I'm doing a self-Contained deployment and then trim the result! Richard Lander has a great dockerfile example. Note how he's doing the package addition with the dotnet CLI with "dotnet add package" and subsequent trim within the Dockerfile (as opposed to you adding it to your local development copy's csproj).
I'm adding the Tree Trimming Linker in the Dockerfile, so the trimming happens when the container image is built. I'm using the dotnet command to "dotnet add package ILLink.Tasks. This means I don't need to reference the linker package at development time - it's all at container build time.
FROM microsoft/dotnet:2.1-sdk-alpine AS build
WORKDIR /app
# copy csproj and restore as distinct layers
COPY *.sln .
COPY nuget.config .
COPY superzeit/*.csproj ./superzeit/
RUN dotnet restore
# copy everything else and build app
COPY . .
WORKDIR /app/superzeit
RUN dotnet build
FROM build AS publish
WORKDIR /app/superzeit
# add IL Linker package
RUN dotnet add package ILLink.Tasks -v 0.1.5-preview-1841731 -s https://dotnet.myget.org/F/dotnet-core/api/v3/index.json
RUN dotnet publish -c Release -o out -r linux-musl-x64 /p:ShowLinkerSizeComparison=true
FROM microsoft/dotnet:2.1-runtime-deps-alpine AS runtime
ENV DOTNET_USE_POLLING_FILE_WATCHER=true
WORKDIR /app
COPY --from=publish /app/superzeit/out ./
ENTRYPOINT ["dotnet", "superzeit.dll"]
I did end up hitting this bug in the Linker (it's not Released) but there's an easy workaround. I just need to set the property CrossGenDuringPublish
to false
in the project file.
If you look at the Advanced Instructions for the Linker you can see that you can "root" types or assemblies. Root means "don't mess with these or stuff that hangs off them." So I just need to exercise my app at runtime and make sure that all the types that my app needs are available, but no unnecessary ones.

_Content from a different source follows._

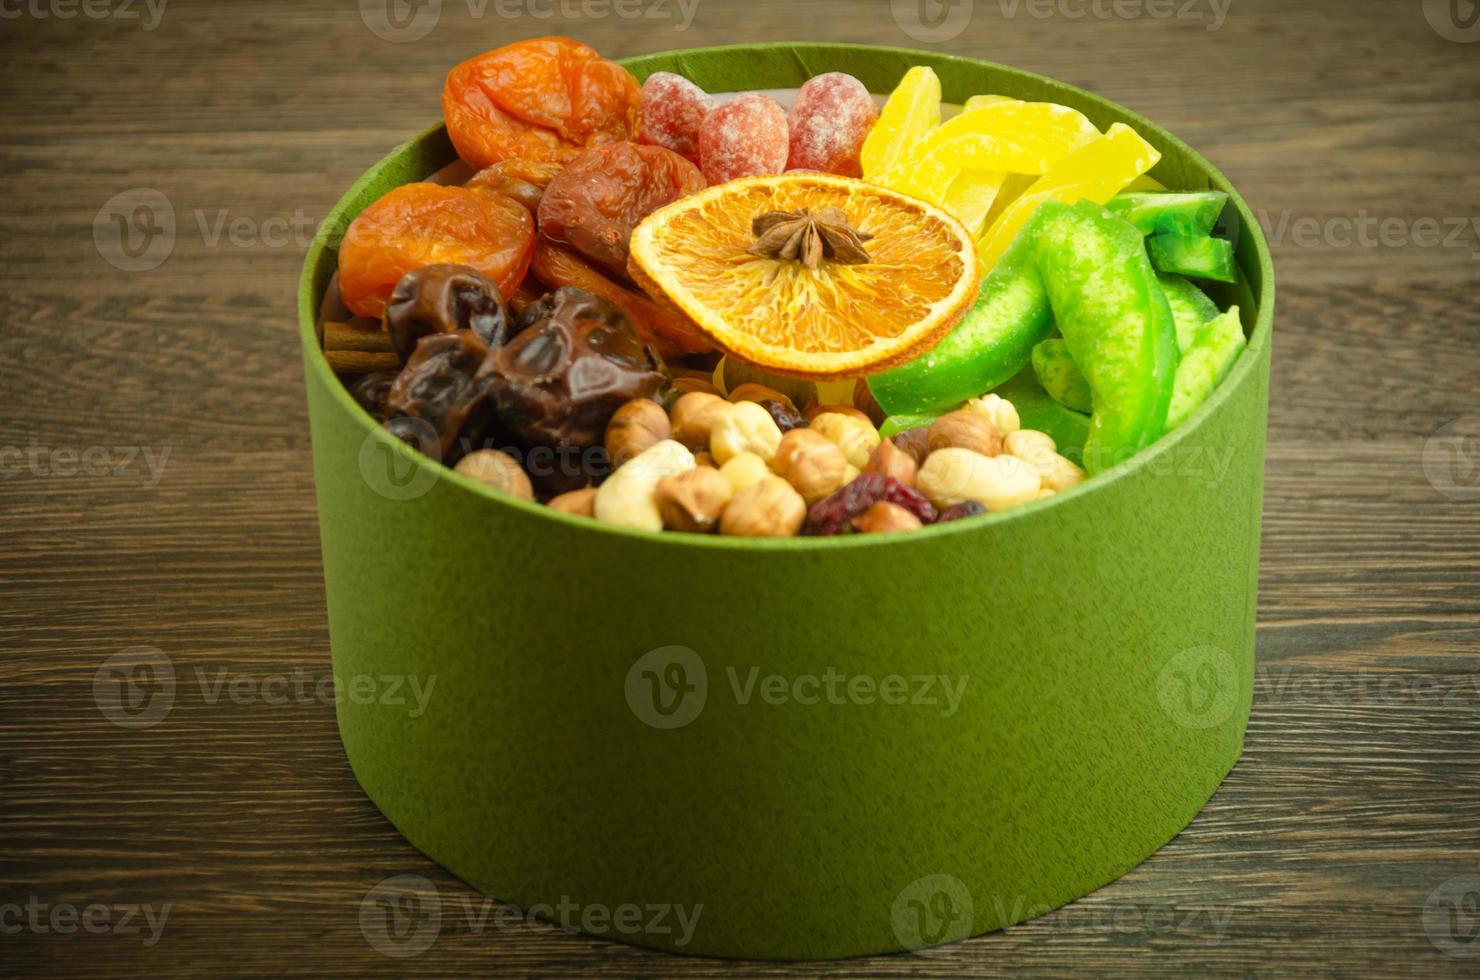 in the box nuts, dried fruits and candied fruits, a useful gift photo

I added the Assemblies I wanted to keep (not remove) while trimming/linking to my project file:
<Project Sdk="Microsoft.NET.Sdk.Web">
<PropertyGroup>
<TargetFramework>netcoreapp2.1</TargetFramework>
<CrossGenDuringPublish>false</CrossGenDuringPublish>
</PropertyGroup>
<ItemGroup>
<LinkerRootAssemblies Include="Microsoft.AspNetCore.Mvc.Razor.Extensions;Microsoft.Extensions.FileProviders.Composite;Microsoft.Extensions.Primitives;Microsoft.AspNetCore.Diagnostics.Abstractions" />
</ItemGroup>
<ItemGroup>
<!-- this can be here, or can be done all at runtime in the Dockerfile -->
<!-- <PackageReference Include="ILLink.Tasks" Version="0.1.5-preview-1841731" /> -->
<PackageReference Include="Microsoft.AspNetCore.App" />
</ItemGroup>
</Project>
My strategy for figuring out which assemblies to "root" and exclude from trimming was literally to just iterate. Build, trim, test, add an assembly by reading the error message, and repeat.

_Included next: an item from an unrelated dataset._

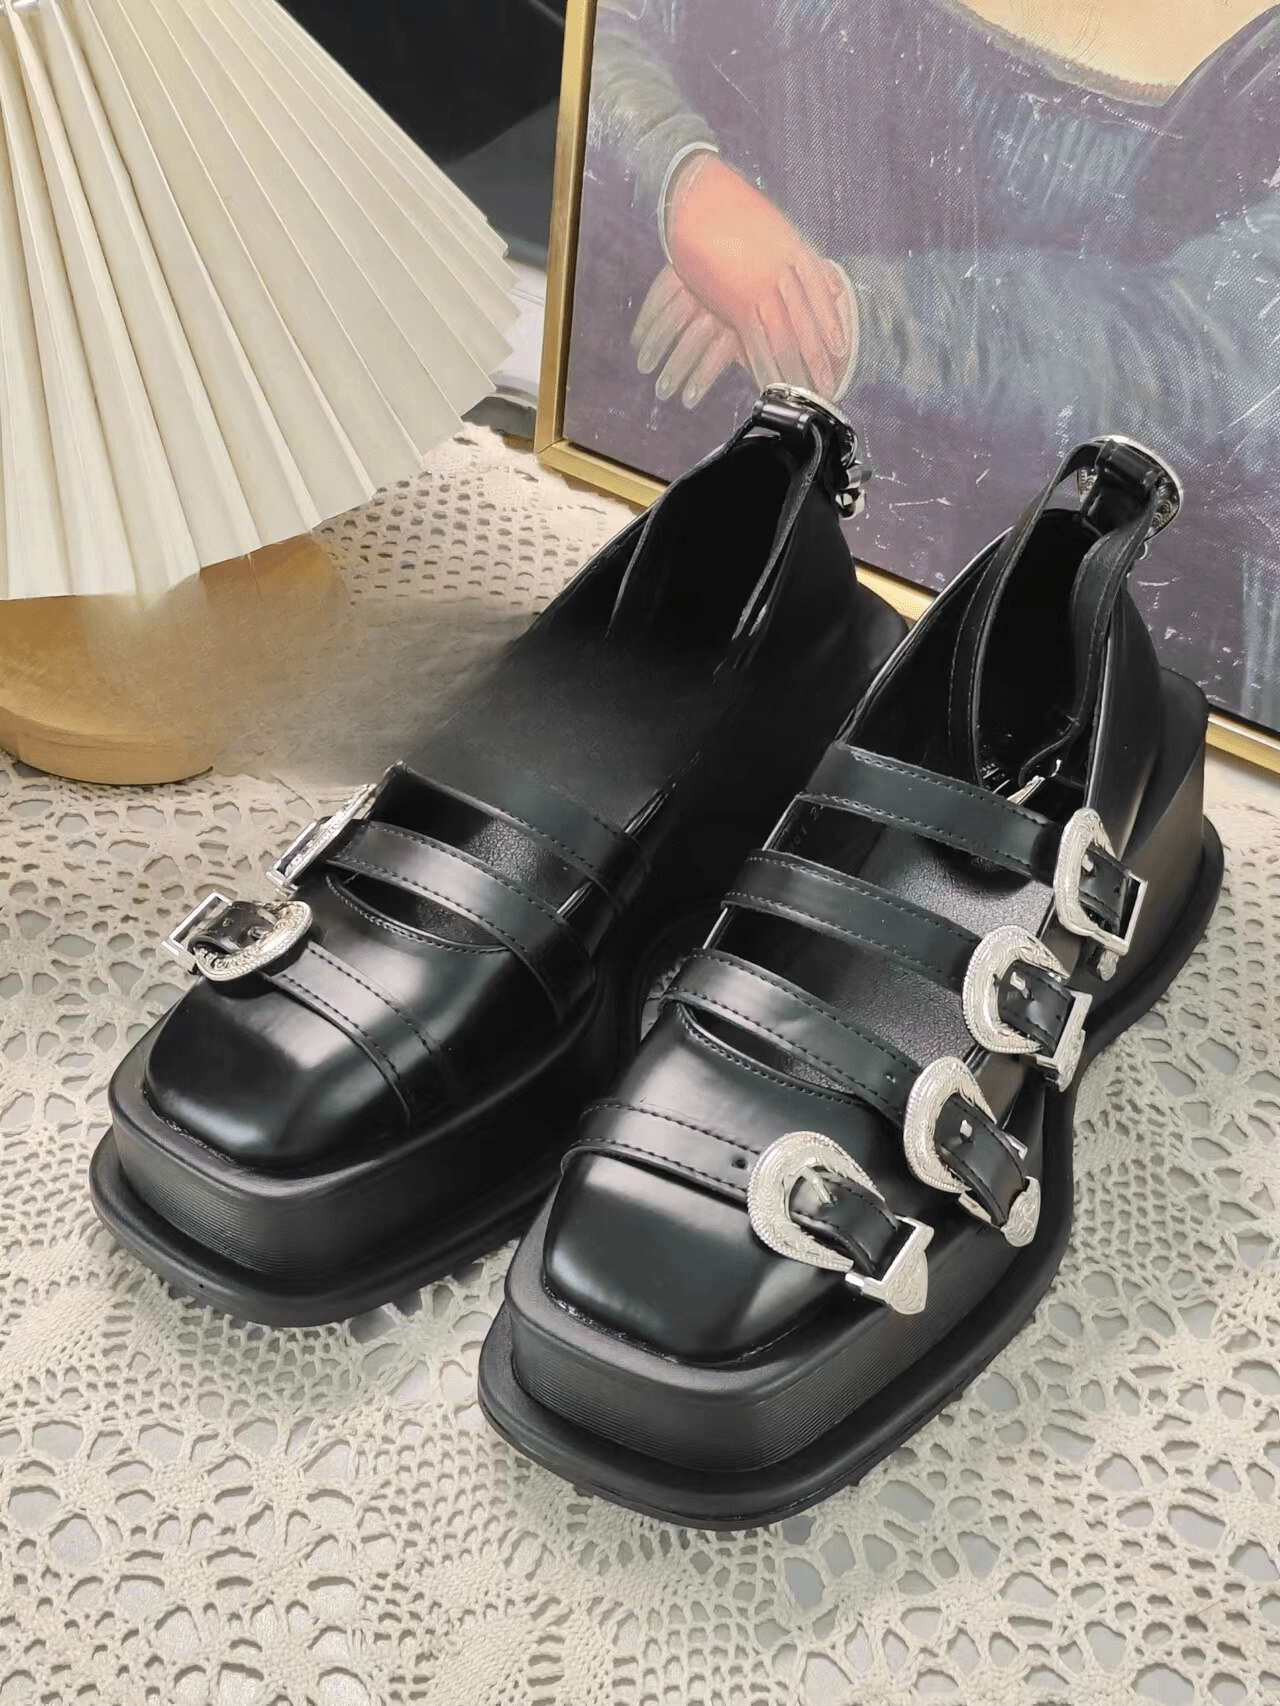 Belt Buckle Black Leather Shoes for Women Sandals Pumps Mary Jane

This sample ASP.NET Core app will deploy cleanly on Zeit with the smallest image footprint as possible. https://github.com/shanselman/superzeit
Next I'll try an actual Microservice (as opposed to a complete website, which is what this is) and see how small I can get that. Such fun!
UPDATE: This technique works with "dotnet new webapi" as well and is about 73 megs per "docker images" and it's 34 megs when sent and squished through Zeit's "now" CLI.